Travel Tips from TIK
Now that you’ve booked your wonderful cooking vacation with TIK, it’s time to think about the trip itself! What should you pack? How much money should you bring on one of our culinary vacations? Will your cell phone work abroad?
There is a lot to think about before heading abroad on a cooking vacation, so here are a few FAQs that might help you plan.
Q: How much money should I bring?
A: We usually recommend having around 100-200 Euros (or the local equivalent) in your wallet when you leave, and to then use ATMs to get money out if you need more. Most of our trips will not require you to have much cash. There might be a couple meals on your own, and for these you might be able to use your credit card. You’ll want cash for tipping, certainly. For purchases it is best to use your credit card, although some places will offer a discount if you use cash. If you do not have a chip-enabled card, you might have trouble with some of the machines in Europe. Also, if your card is not chip-enabled, you should call your bank to make sure they know you are going abroad and where.
Q: How much should I tip?
A: Tipping is always at your discretion, but we generally recommend you plan to tip about 10 Euros per person per day (or the equivalent in another local currency). That can be spread around between guides, instructors, drivers, house maids, and the like. Often with our itineraries there is one dedicated person you can give the tip money to and ask them to distribute it appropriately.
Q: Do I need a visa?
A: That depends on your nationality and the country you are visiting. If you are a U.S. citizen you do not need a visa to visit European countries. You can check the government website of whatever country or countries you plan to visit to see what you need legally for your travels. Please note: your passport must be valid for at least 6 months (and sometimes longer!) following your return or you can be denied entry.

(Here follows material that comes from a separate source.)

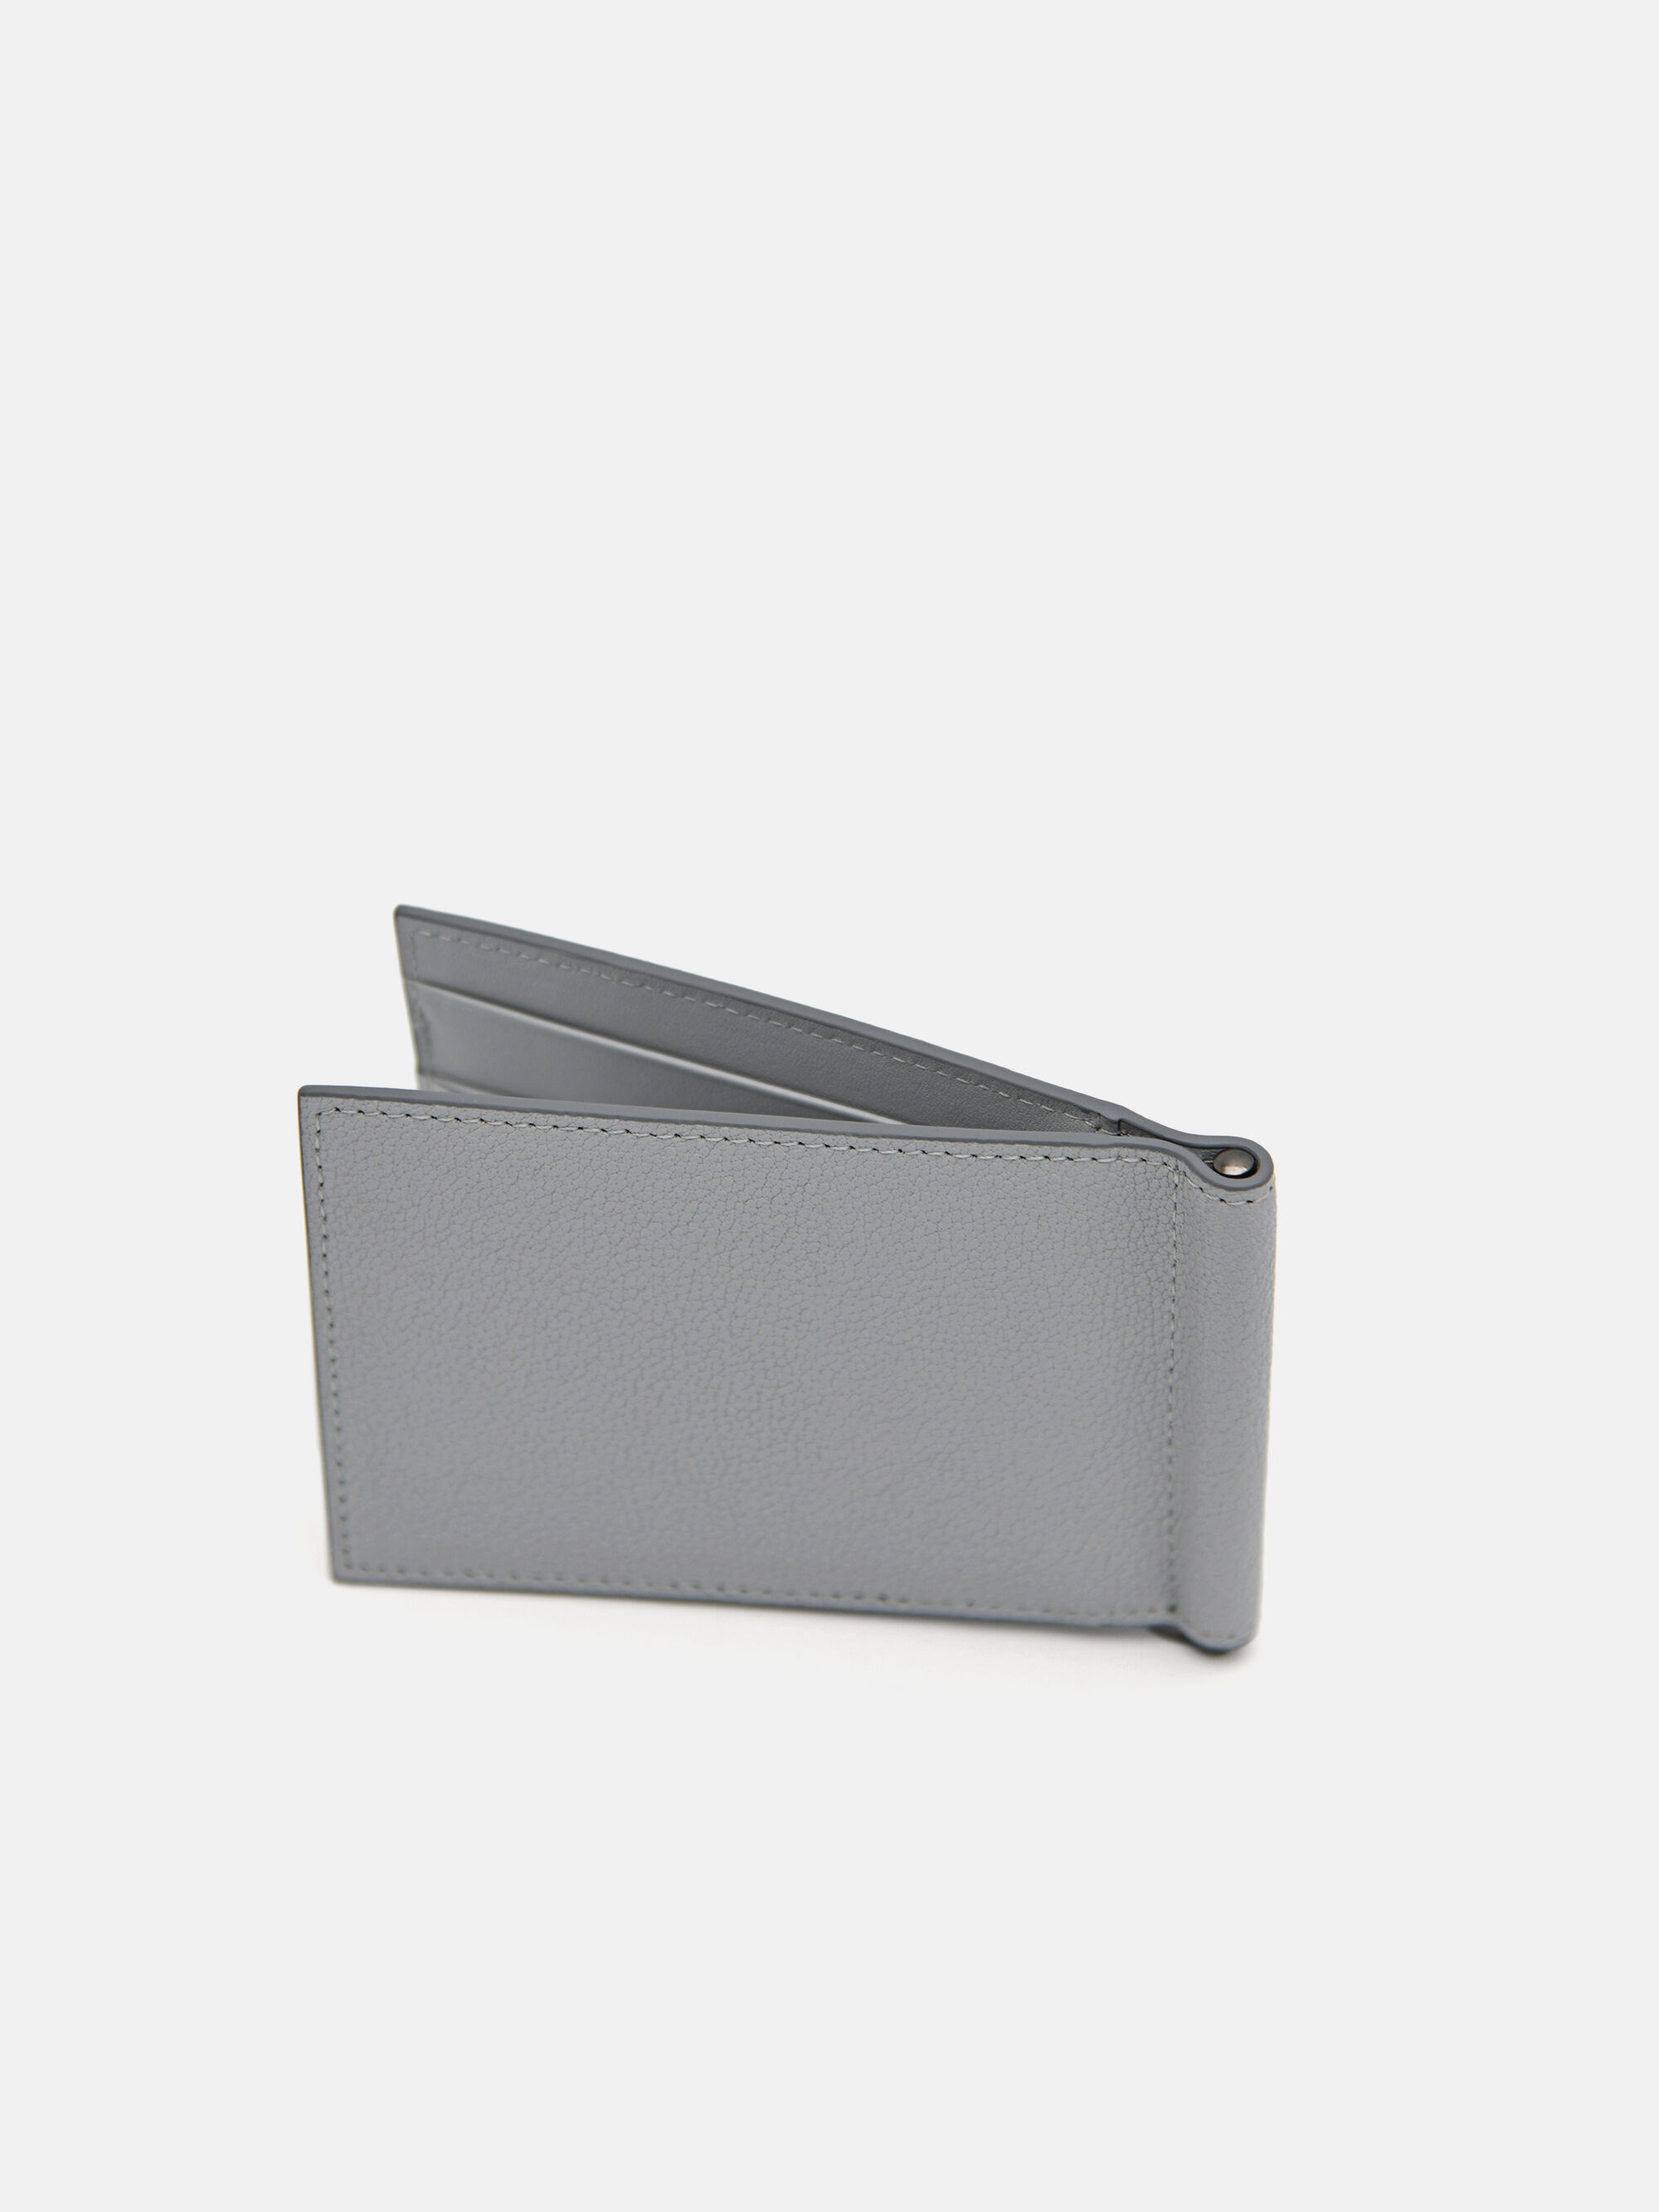 Leather Bi-Fold Card Holder with Money Clip, Light Grey

Q: Do I need travel insurance?
A: In a word: yes. We think it’s silly not to travel without it, although it is not required. Hopefully it is money “wasted” – meaning that you never have a problem and never need to file a claim. But the protections it offers in terms of cancelation, emergency medical services, lost luggage, and the like makes it well worth the cost of the premium.
Q: What should I pack?
A: You can check local weather reports for the types of clothing you’ll need, but keep in mind that you’ll want comfortable clothing for the cooking lessons. If you plan to visit any churches or other places of worship, be prepared to have knees and shoulders covered. Often people like to dress up a bit for dinner, especially if you are in the city. In the countryside things are more casual. Remember that in other countries even an air-conditioned building will be hotter than most Americans expect, and the heat is not turned on until well into the fall – so you may want extra layers.
Q: What about electronics?
A: Many electronic chargers include a current converter (such as a laptop computer charger) – you need only have the plug that will fit into the outlets of your host country. Other electronics might require an actual current converter. We recommend bringing as few electronics as possible, to be safe. Most hotels and even B&Bs will have hair dryers for you to use. Electric shavers frequently have a switch that will allow you to use it with a different current.
Q: Will my phone work?
A: It should work – but you should call your phone service provider to be sure, and to ask about purchasing an international plan if necessary to save you from exorbitant international call and data charges.